Bee-keeping grew alongside Agriculture in Southern California and the benefits of bees to farmers and the economy were widely recognized.  The keeping of bees was, however, banned within the city limits of Los Angeles on June 10th 1879. A decade later, in 1889, when the city adopted its first home-rule city charter, the power to restrict bees was enshrined in a list of nuisances. The Charter authorized Los Angeles “to suppress and prohibit … the keeping of bees within the city limits, and any and all obnoxious, offensive, immoral, indecent or disreputable places of business or practice.”  (Charter of the City of Los Angeles as Adopted, January 1889).
Was bee-keeping really considered to be that bad? Some of the other activities on the charter’s list of problematic businesses, like bawdy-houses and gambling dens, were regulated out of moral concerns. Others, such as laundries and cattle yards, were considered to be types of businesses that should be limited to certain areas because of the risks (fire, odors, etc) associated with their operations. Bee-keeping fell into this latter type of activity. I was surprised to see, in news accounts from the late 19th century, that the biggest perceived threat from bee hives wasn’t people getting stung by bees. It was the belief that bees threatened the fruit crop fruit by eating and stinging pieces of fruit. Proponents of banning bee-keeping in LA also cited the danger posed to horses by swarms of bees.

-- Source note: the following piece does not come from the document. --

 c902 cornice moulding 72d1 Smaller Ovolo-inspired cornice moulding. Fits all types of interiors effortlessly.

This law didn’t stop all bee-keeping in residential areas. As the City grew by annexing surrounding land, exceptions to the bee ordinance were made for newly added districts that were primarily agricultural. In 1915,  the San Fernando Valley was exempted from the bee-keeping ban when it was annexed to LA. The ban itself didn’t seem to be widely enforced in parts of the city where it did apply.  A 1917 Los Angeles Times article on the benefits of back-yard bee-keeping, for example, dismissed the law against bees as “an ancient and still-unrepealed city ordinance.” (‘Back-Yard Bee Keeping Cuts Living Cost Here.’ Los Angeles Times, Jan 28, 1917.)

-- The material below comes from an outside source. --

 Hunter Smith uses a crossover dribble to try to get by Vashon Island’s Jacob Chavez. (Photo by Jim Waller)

The legality of the ‘ancient’ ordinance was eventually tested at the California Supreme Court. In 1936, Mrs. Edna Ellis was accused of violating the LA city ordinance by keeping five hives of bees at a residential property on the 4000 block of Sequoia St. The Deputy City Attorney prosecuting the case called bees “a nuisance” and “vicious.” “They are stinging people all over the neighborhood,” he claimed. “Children go outside and get stung. They can’t even pick flowers.” In her defense, Mrs. Ellis told the court: “I love bees. To me, they’re pets… Like cats and dogs to some people. My father kept bees before me and I have been keeping them myself for twenty-five years.” (‘Court Hears Bee Defense: Woman Accused of Keeping Apiary in Violation of City Ordinance.’ Los Angeles Times. June 27, 1936.) Ellis was convicted and appealed the decision, arguing that the ban was unconstitutional. The California Supreme Court accepted her statements about “the benefits to the residents in her community resulting from the cross-pollination of the fruit blossoms and flowers in addition to the commercial value of the bees” but still found that there is “a reasonable basis for the exercise of the police power in prohibiting beekeeping within the city limits,” upholding the law and Ellis’ conviction.  (In re Ellis, 11 cal.2d 571, 1938.)

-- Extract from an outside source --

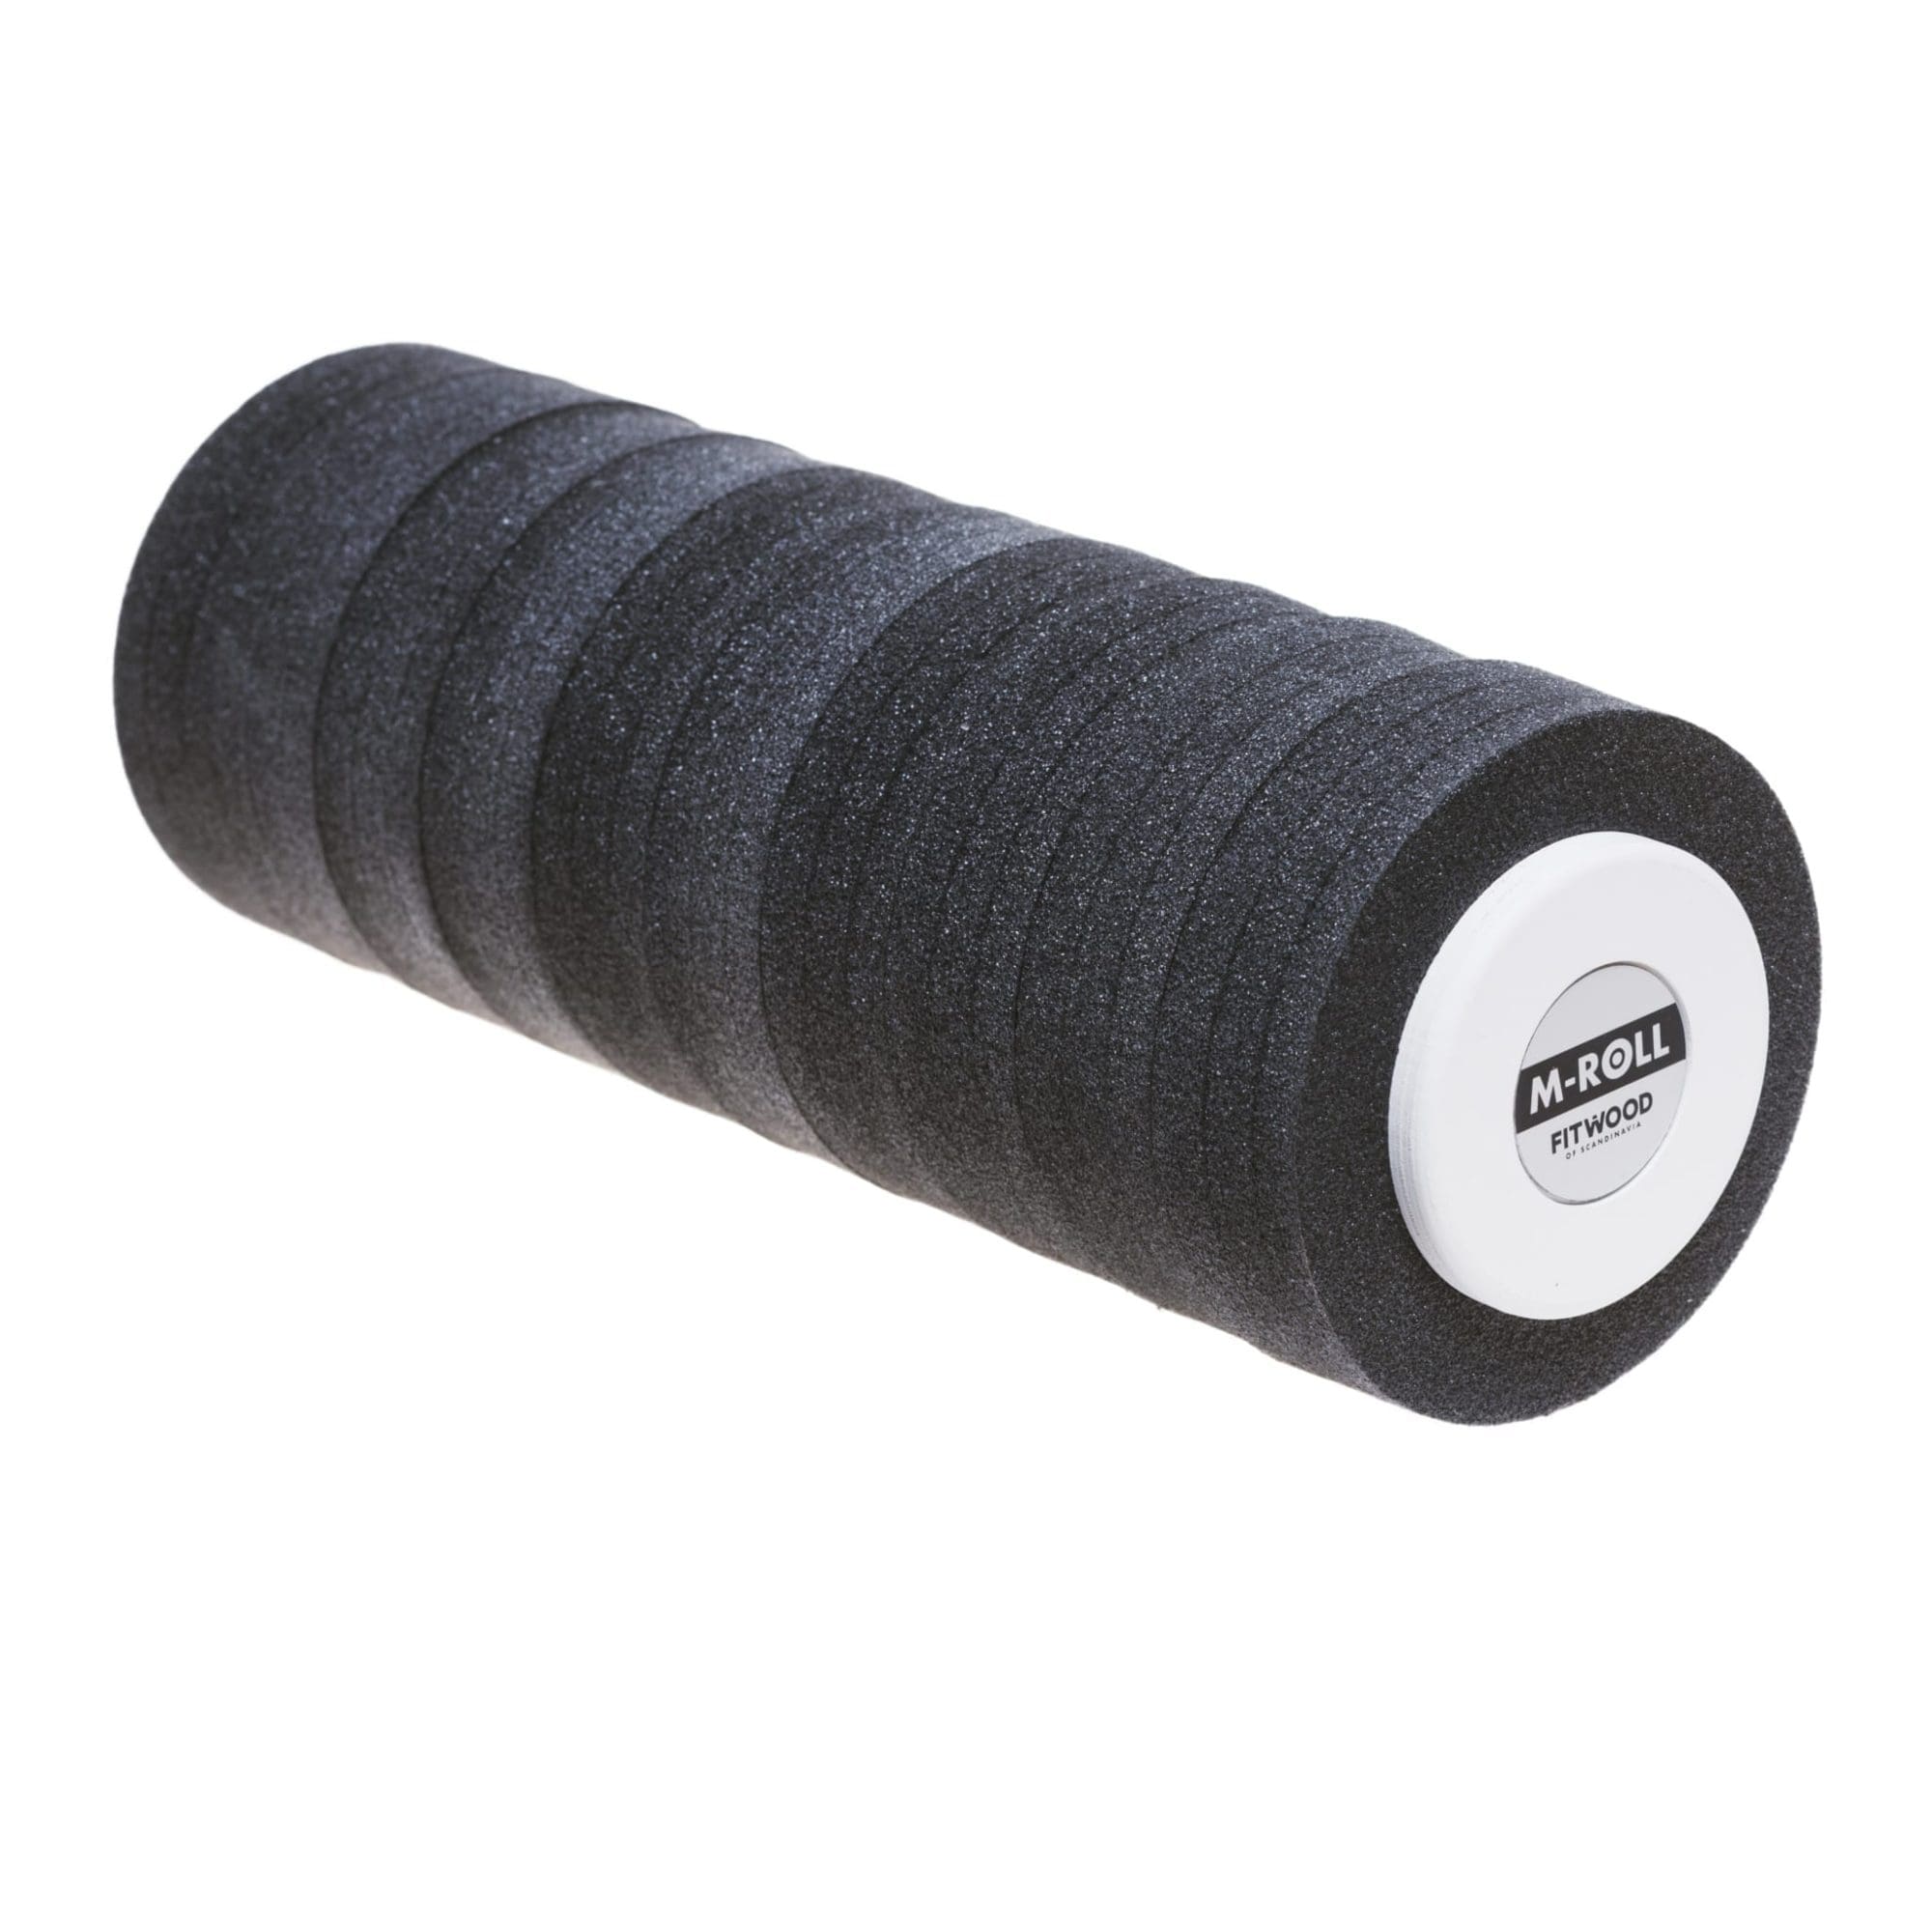 FitWood_M-ROLL_35_massage_roller-_white_wood_graphite_grey_covering_product_image.jpg

As World War II drew to a close, LA planners tried to balance the San Fernando’s Valley’s agricultural heritage with pent-up demand for space for housing and industry. It was on this shifting terrain that arguments about bees started to define what types of residential properties were suitable for keeping hives. In April 1945, 13 residents of Canoga Park sent a petition to the Los Angeles City Council requesting a law “prohibiting stands of bees in the west end of the San Fernando Valley. Bees in this locality are not only a nuisance and danger, but they cause a great deal of damage to crops such as peaches, grapes and others. .. As they ripen, the bees sting the fruit and cause them to rot. It is dangerous to try to gather fruit with so many bees around. At present, people who live in the city, but who own vacant acres, are putting in bees just to annoy those of us who really make our homes out here.” (Council File 19744, April 23, 1945).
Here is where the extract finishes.